They have been RLHF (reinforcement learning with human feedback) tuned. In essen...

alex_sf · on May 13, 2023

Instruction tuning is distinct from RLHF. Instruction tuning teaches the model to understand and respond (in a sensible way) to instructions, versus 'just' completing text.

RLHF trains a model to adjust it's output based on a reward model. The reward model is trained from human feedback.

You can have an instruction tuned model with no RLHF, RLHF with no instruction tuning, or instruction tuning and RLHF. Totally orthogonal.

stevenhuang · on May 13, 2023

In this case Open AI used RLHF to instruct-tune gpt3. Your pedantism here is unnecessary.

hyperbovine · on May 13, 2023

Not to be pedantic, but it’s “pedantry”.

alex_sf · on May 13, 2023

It's not being pedantic. RLHF and instruction tuning are completely different things. Painting with watercolors does not make water paint.

Nearly all popular local models are instruction tuned, but are not RLHF'd. The OAI GPT series are not the only LLMs in the world.

stevenhuang · on May 13, 2023

Man it really doesn't need to be said that RLHF is not the only way to instruct tune. The point of my comment was to say that was how GPT3.5 was instruct tuned, via RLHF through a question answer dataset.

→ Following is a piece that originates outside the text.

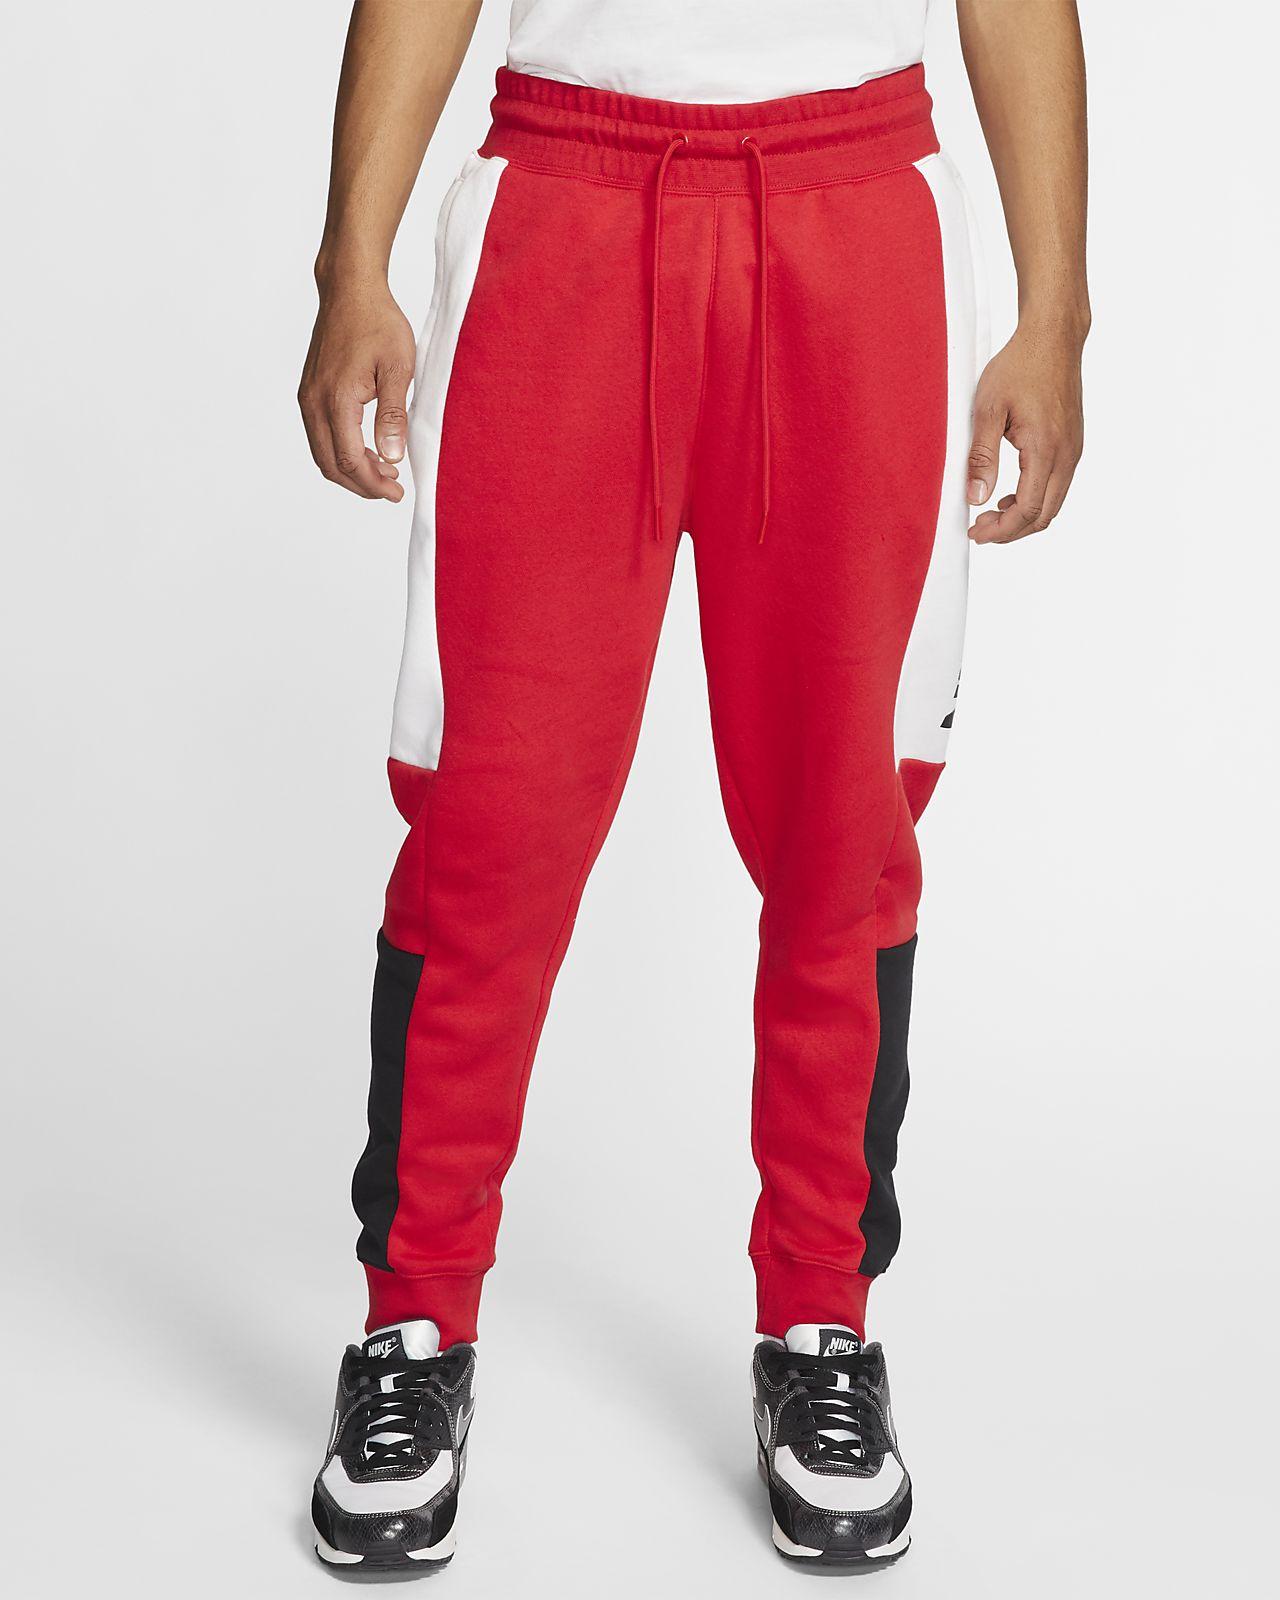 Pantalones de tejido Fleece para hombre Nike Air

At least we have this needless nerd snipe so others won't be potentially misled by my careless quip.

elcomet · on May 13, 2023

But that's still false. RLHF is not instruction fine-tuning. It is alignment. GPT 3.5 was first fine-tuned (supervised, not RL) on an instruction dataset, and then aligned to human expectations using RLHF.

stevenhuang · on May 13, 2023

You're right, thanks for the correction

alex_sf · on May 13, 2023

It sounds like we both know that's the case, but there's a ton of incorrect info being shared in this thread re: RLHF and instruction tuning.

Sorry if it came off as more than looking to clarify it for folks coming across it.

stevenhuang · on May 13, 2023

Yes all that misinfo was what lead me to post a quick link. I could have been more clear anyways. Cheers.